= Ovsey Driz =

Soviet poet writing in Yiddish (1908–1971)

Ovsey Ovseyevich Driz, birth name Yehoshua "Shike" Driz (יהושע (שיקֶה) דְריז) (1908–1971) was a Soviet poet of Ukrainian Jewish origin, known for poems written in Yiddish and Russian. His Russian poems are usually translations from Yiddish. During 1960s–1980s, as Ovsey Driz, he was particularly famous in the Soviet Union for his children's poems, published in 55 children's books. Several animated films uses Driz's poems.

==Biography==
Shike Dris started writing in Yiddish by the end of 1920s. Initially he was publishing in Yiddish magazines, and two books of his collections of poems were published.

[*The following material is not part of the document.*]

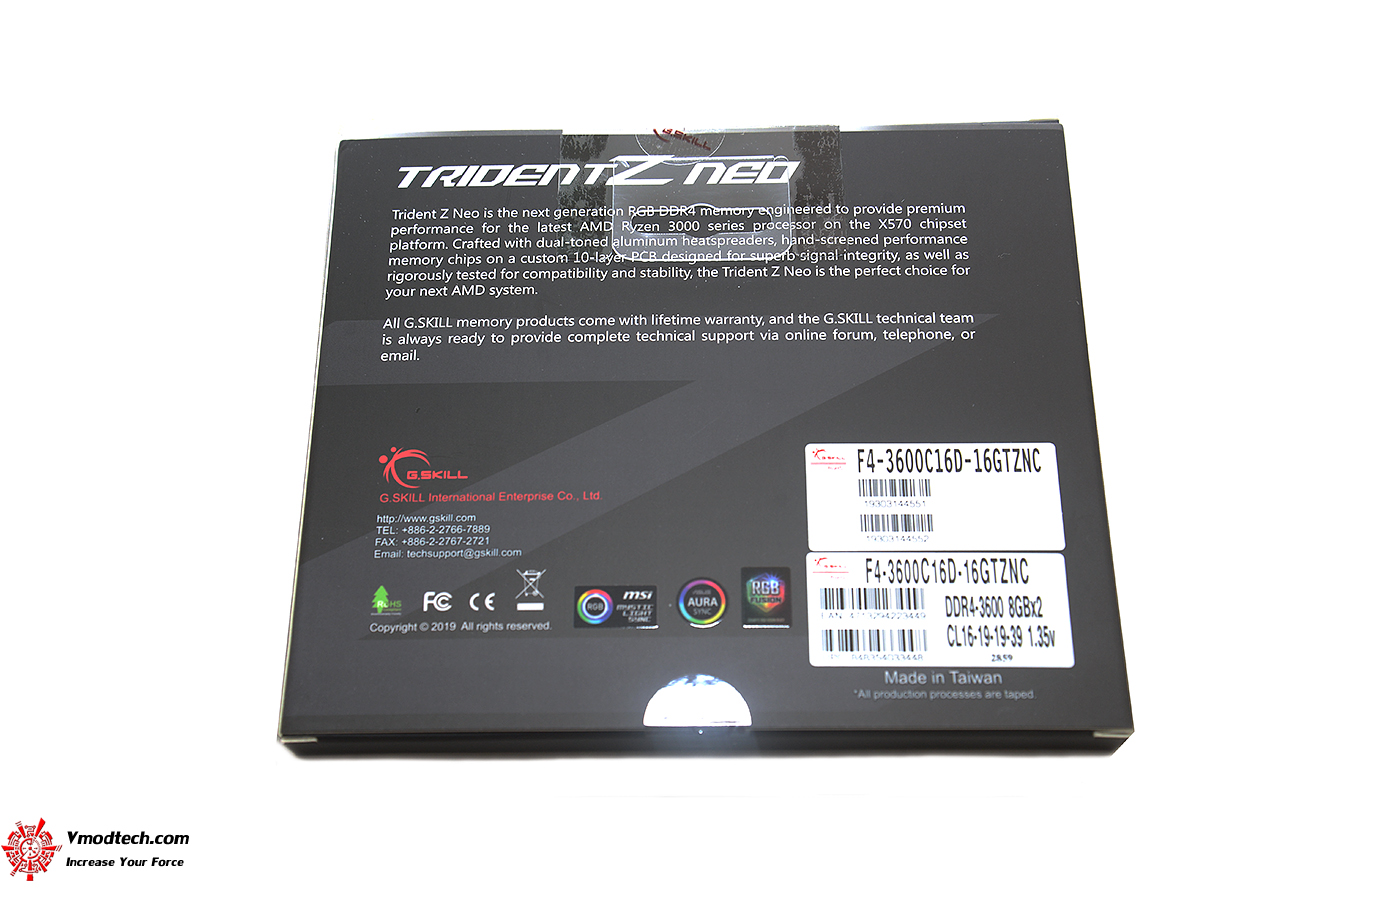 dsc 6113 G.SKILL Trident Z Neo DDR4 3600MHz CL16 19 19 39 1.35V 16GB (2x8GB) Review

His poems continued to be published in magazines until the infamous year of 1948, the year of the Case of the Jewish Anti-Fascist Committee. In 1934 he enlisted into the Soviet Border Troops and demobilized in 1947, after World War II. Probably for this reason he was off the radar at the height of the Stalinist repression of Jewish intellectuals. In 1961, the Jews were permitted to have their magazine Sovetish Heymland ("Soviet Homeland"), and Driz started publishing there. During the hiatus he took odd menial jobs, including the job of a lapidarist, cutting sculptures in workshops of the USSR Art Fund. For the latter he was chastised by the bureaucrats of the Union of Soviet Writers, who wrote a letter to Khrushchev complaining about the unproportionally high numbers of Jewish members of the Union, in which Driz was given as an example of a person who is not even a writer, yet a member.